- _Data section_
--
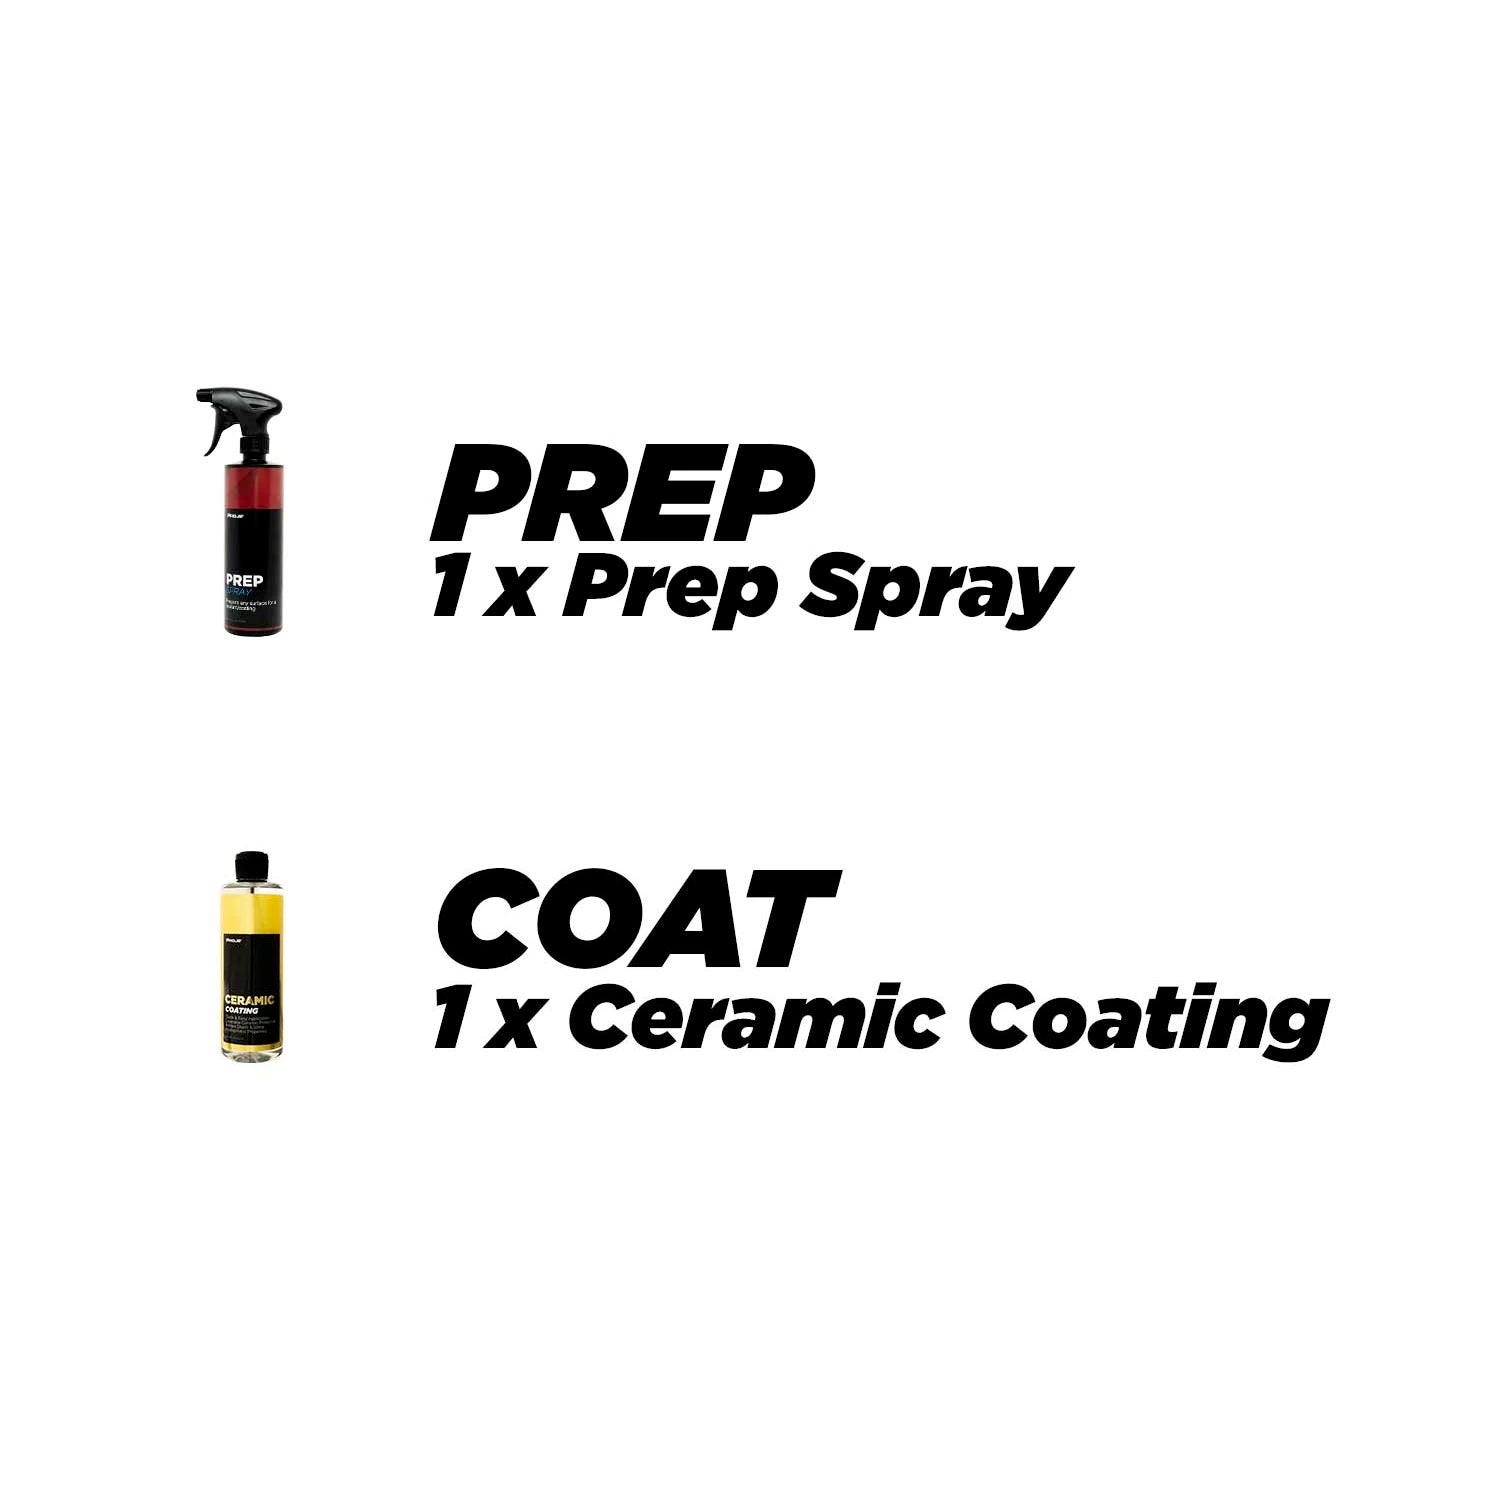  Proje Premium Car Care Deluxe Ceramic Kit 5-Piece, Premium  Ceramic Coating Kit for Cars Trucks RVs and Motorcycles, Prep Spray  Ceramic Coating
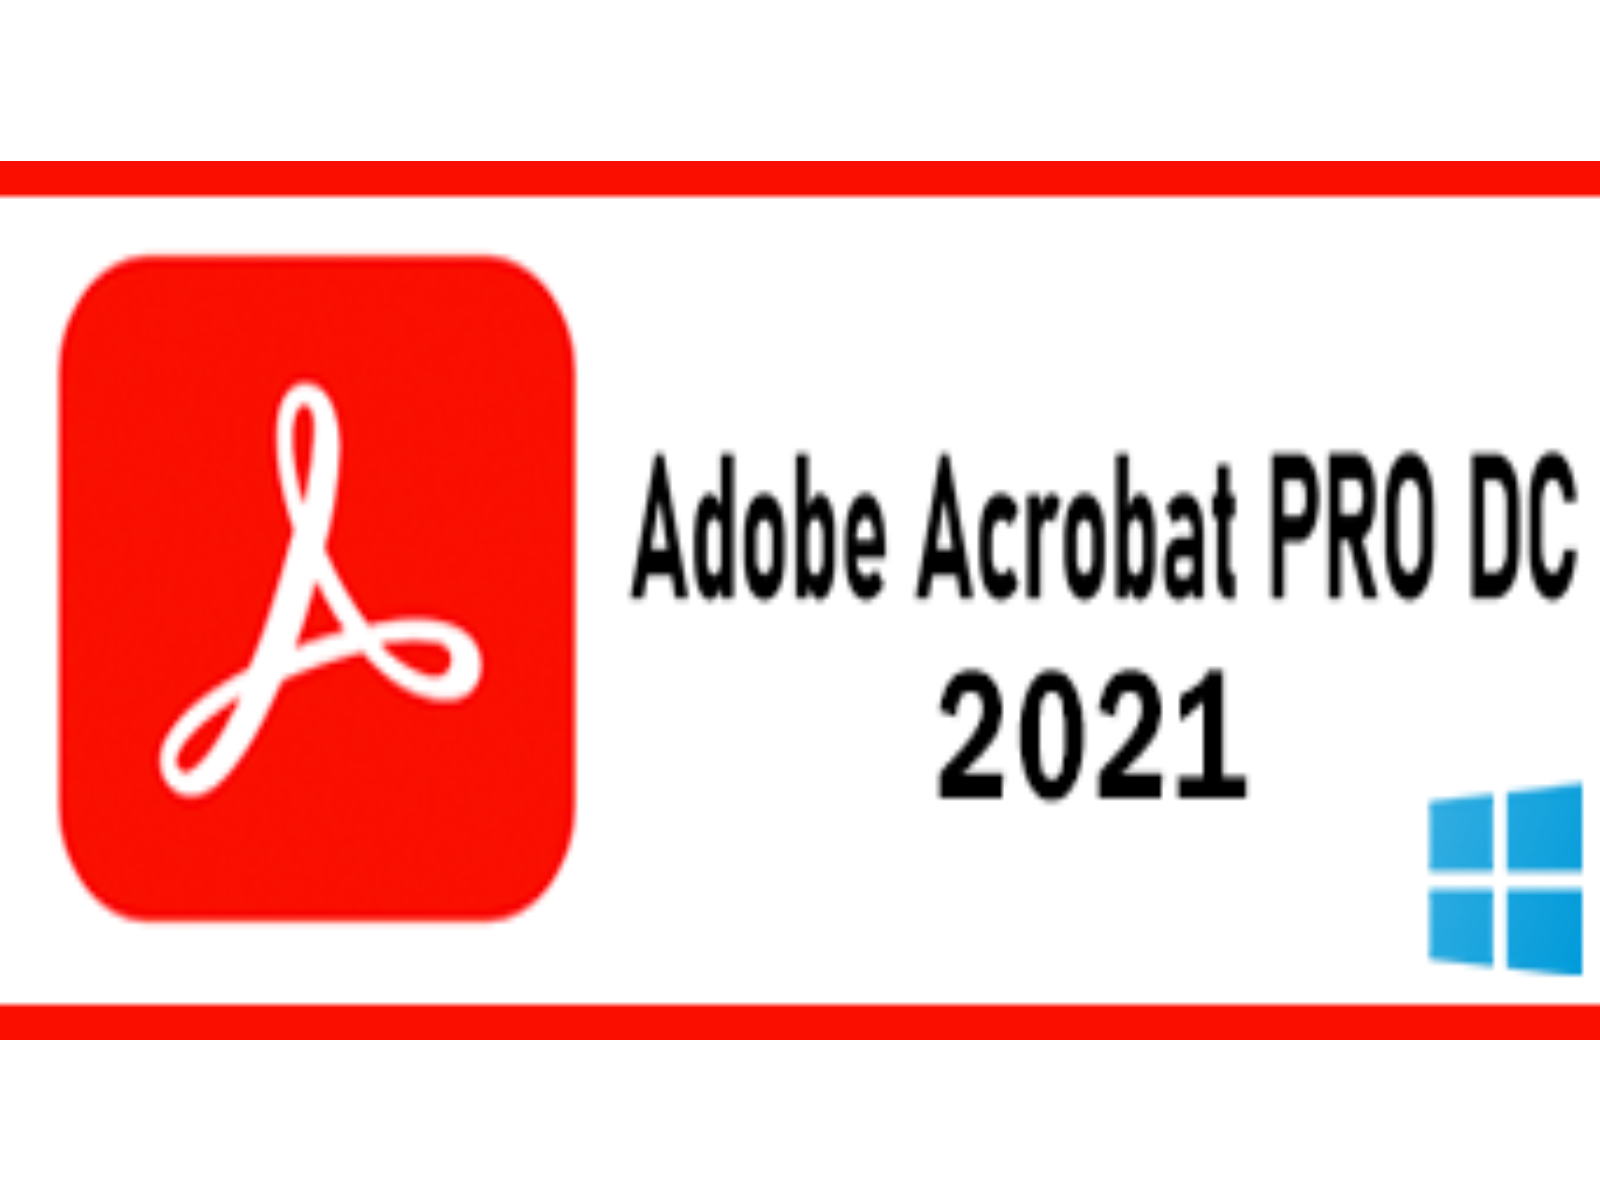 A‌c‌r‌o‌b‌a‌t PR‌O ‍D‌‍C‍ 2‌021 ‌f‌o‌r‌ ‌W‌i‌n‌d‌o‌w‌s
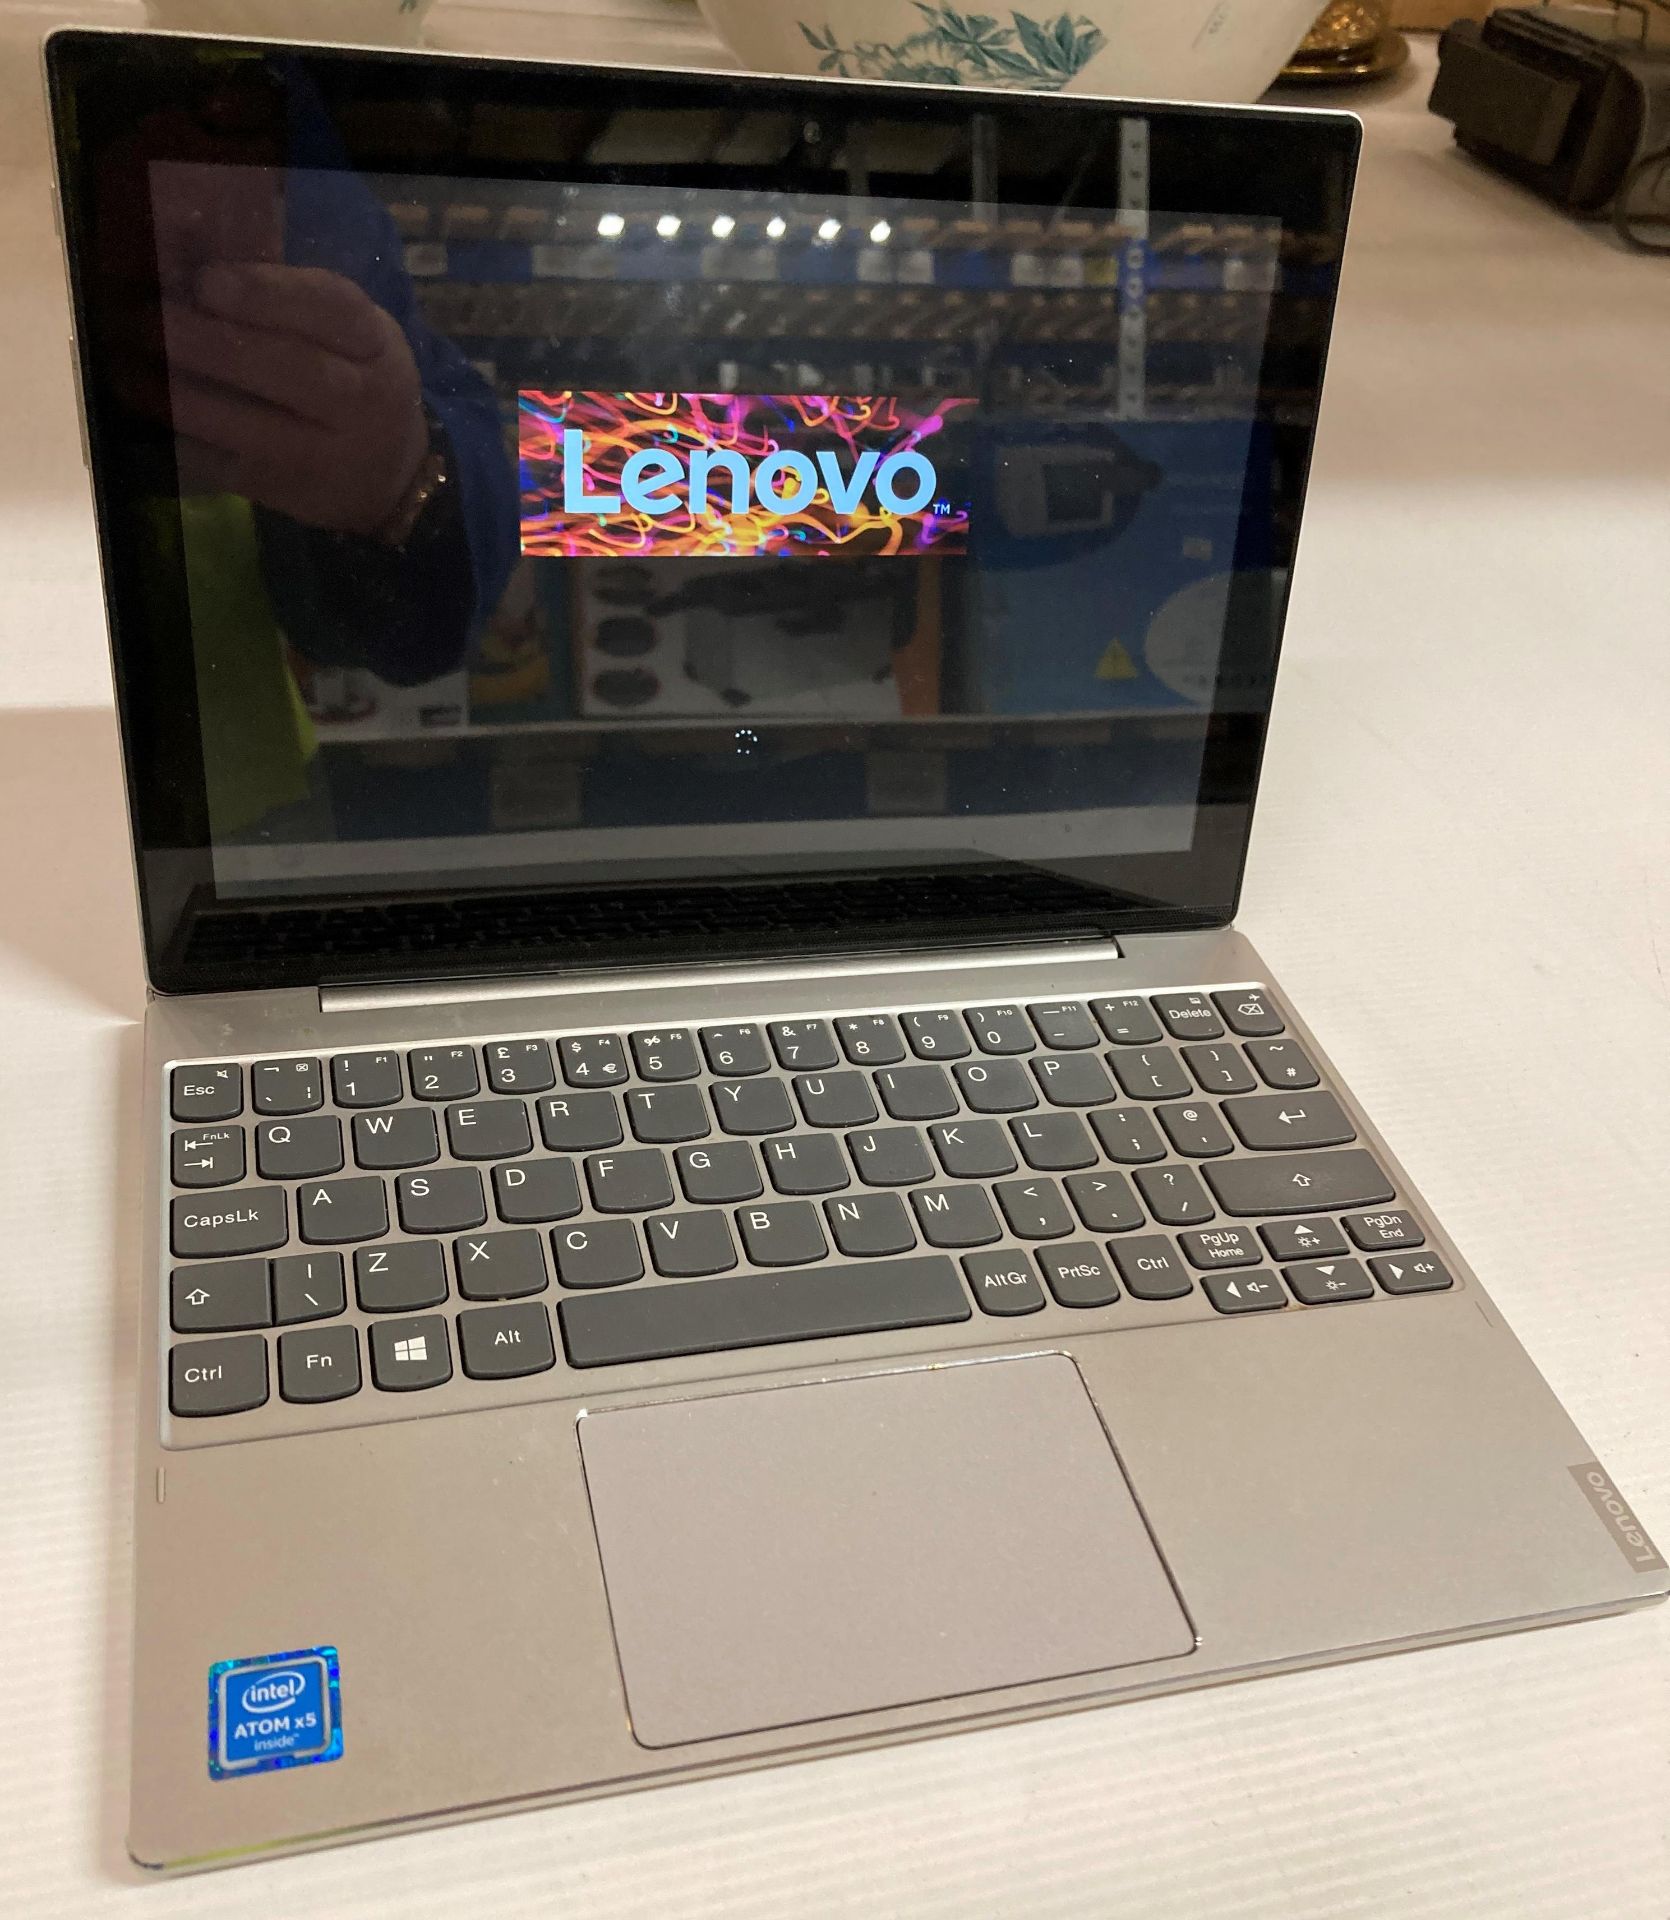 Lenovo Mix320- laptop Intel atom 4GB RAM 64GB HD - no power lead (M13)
--
- _Directions_
A verbatim transcript of the material above, with images dropped, is the expected output.

- _Exercise response_
  Proje Premium Car Care Deluxe Ceramic Kit 5-Piece, Premium  Ceramic Coating Kit for Cars Trucks RVs and Motorcycles, Prep Spray  Ceramic Coating
 A‌c‌r‌o‌b‌a‌t PR‌O ‍D‌‍C‍ 2‌021 ‌f‌o‌r‌ ‌W‌i‌n‌d‌o‌w‌s
 Lenovo Mix320- laptop Intel atom 4GB RAM 64GB HD - no power lead (M13)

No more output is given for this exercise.